By Lisa M. Ruppert, MD
Fall 2013 - The benefits of rehabilitation therapy in traumatic spinal cord injuries are well established. Recent studies examining its effects on individuals with neoplastic spinal cord injuries have shown similarly positive results(1) and indicate a complementary role to medical treatment for this patient population.
In fact, as treatments for neoplastic spinal cord injuries continue to improve and survival rates increase, the role of rehabilitation will undoubtedly expand and evolve. Ongoing research in this area will help establish and validate therapeutic care models that minimize disability and maximize quality of life. Physicians should pay attention to issues such as mobility, bowel and bladder dysfunction, and pain management.
Mobility and Activities of Daily Living
For individuals with neoplastic spinal cord injuries, their mobility and their ability to perform activities of daily living can be affected by weakness, loss of sensation (especially proprioception), ataxia, spasticity, and other factors.
Physical and occupational therapies can be initiated to address these impairments. Focus is placed on strength and endurance training, range of motion, sensory reintegration, transfer training, standing balance, gait training, wheelchair mobility (if needed), and assessment for an appropriate assistive device.
Heat, cold, ultrasound, and repetitive exercises are common modalities used in sensory reintegration. If appropriate, functional electrical stimulation and body-weight-support treadmill training can be incorporated into sessions.
If indicated, bracing of the extremity can be used to provide joint stability, compensate for weakness, and assist with functional joint positioning and proprioceptive feedback. Bracing can also be used to decrease spasticity. If a wheelchair is needed for mobility, one can be prescribed to fit the individual’s level of impairment and functional needs.
Bowel dysfunction is a common problem that can result in social inconvenience, embarrassment, and skin compromise. A thorough neurological assessment including reflexes can help establish an individual’s bowel pattern. A bowel program can then be initiated to allow for control of bowel movements over time and place with the desired frequency and without incontinence.
Medications such as stool softeners, oral stimulants, and contact irritants (suppositories) can be initiated for upper motor neuron (hyperreflexic) bowel patterns to promote timed and complete evacuation. Lower motor neuron (hyporeflexic) bowel patterns can be managed with oral bulk forming agents to promote continence. Distension from bulked stool will also promote peristalsis and possible emptying. If patient cannot empty spontaneously, manual removal of stool is recommended.
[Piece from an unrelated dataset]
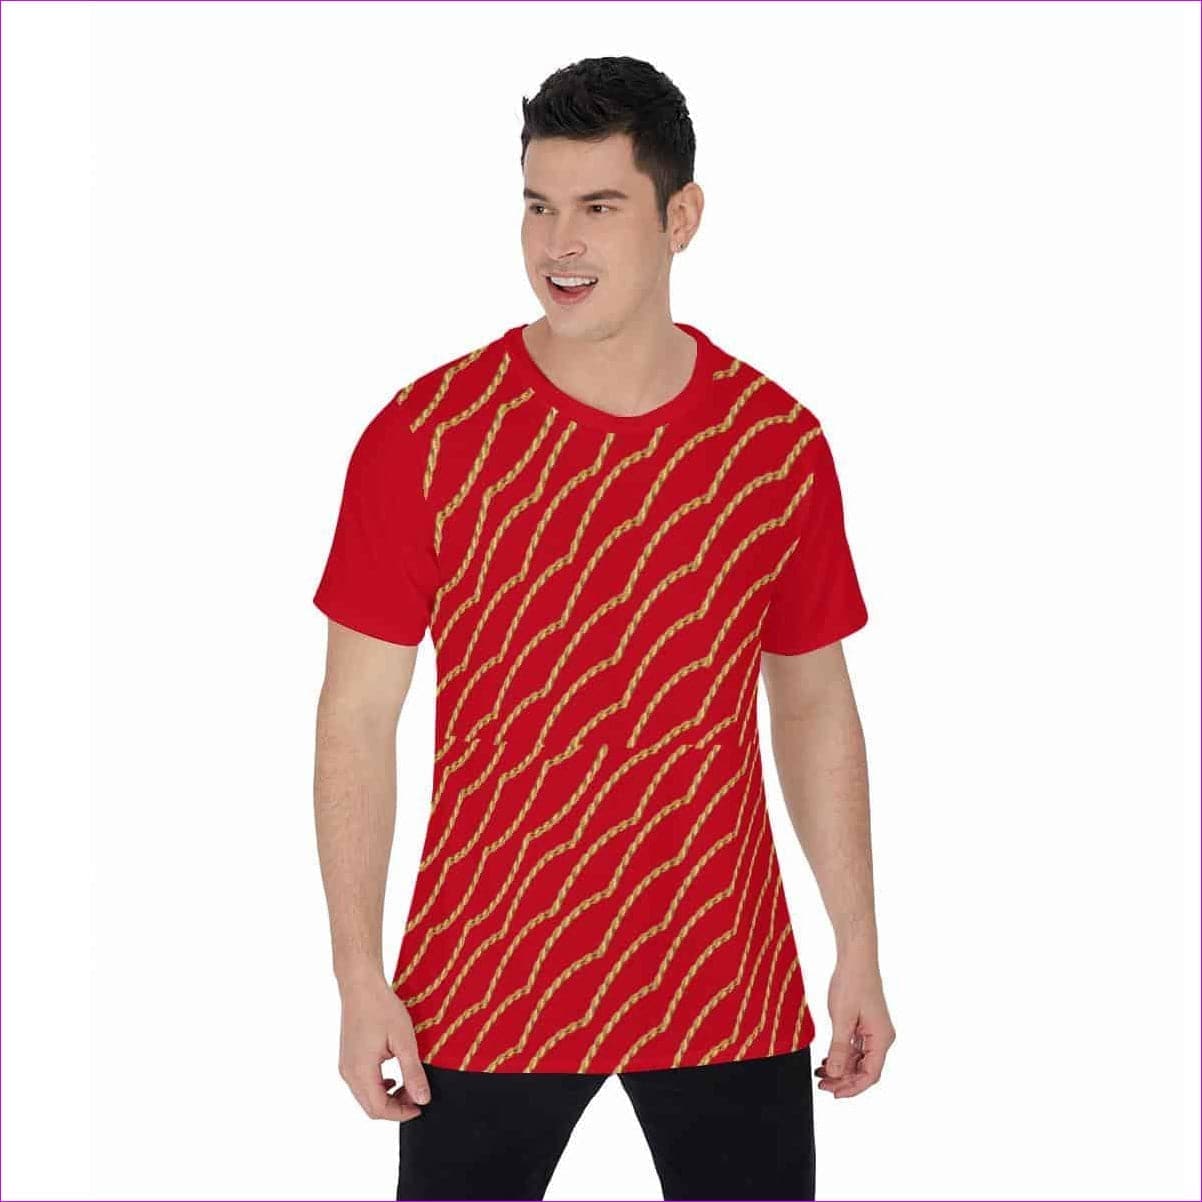 Chained Men's O-Neck T-Shirt - Red - Men's T-Shirts at TFC&H Co.

Bowel and Bladder Dysfunction, Skin Care, Spasticity
Bladder dysfunction can result in difficulty with urinary drainage and abnormalities in intra-vesicular pressure, placing an individual at risk for infections, renal disease, skin breakdown, and social embarrassment. Bladder symptoms can range from frequency and urgency to complete urinary retention.
A voiding diary, assessment of post-void residual volumes, and urodynamic studies can be used to further assess an individual’s bladder pattern and aid in establishment of a bladder program. Intermittent catheterization, indwelling catheterization, or suprapubic catheterization can be considered for both upper motor neuron bladder patterns (detrusor over activity with or without sphincter dyssynergia) and lower motor neuron bladder patterns (detrusor hypocontractility or acontractility).
Anticholinergic agents can be considered for individuals with upper motor neuron lesions, and manual techniques such as Credé and double voids considered for individuals with lower motor neuron lesions.
Loss of sensation and mobility, bowel and bladder dysfunction, and a catabolic state can place individuals at risk for skin breakdown. Education on pressure relief, skin checks, and nutritional support is provided during the course of rehabilitation. If a pressure ulcer develops, further evaluation and wound care is indicated.
Spasticity is a common component of neoplastic spinal cord injuries. It may prove to be beneficial for mobility and performance of activities of daily living (ADLs), but can present with negative symptoms such as pain and impaired function. Individuals are educated on the positive symptoms of spasticity, and the functional use of tone is promoted in therapies. Management of negative symptoms is warranted. Treatment options include continuous passive stretch in therapies or with stretching splints; systemic treatment with baclofen, tizanidine, benzodiazepines, or intrathecal baclofen; and localized treatments such as phenol and Botox.
Pain is common in individuals with neoplastic spinal cord injuries, especially in those with metastatic disease. Individuals may have localized tumor-related pain requiring oncologic treatment and/or treatment with pain medication, mechanical pain suggestive of instability that requires surgical intervention, or neuropathic pain.
Treatment options include transcutaneous electrical nerve stimulation (TENS), medications such as tricyclic antidepressants and anticonvulsants, behavioral techniques, compression garments, and desensitization techniques.
Cancer-specific medical complications such as pancytopenia, electrolyte abnormalities, deep venous thrombosis and spinal instability, overall life expectancy, and oncologic prognosis are taken into account when determining appropriate rehabilitation interventions and settings.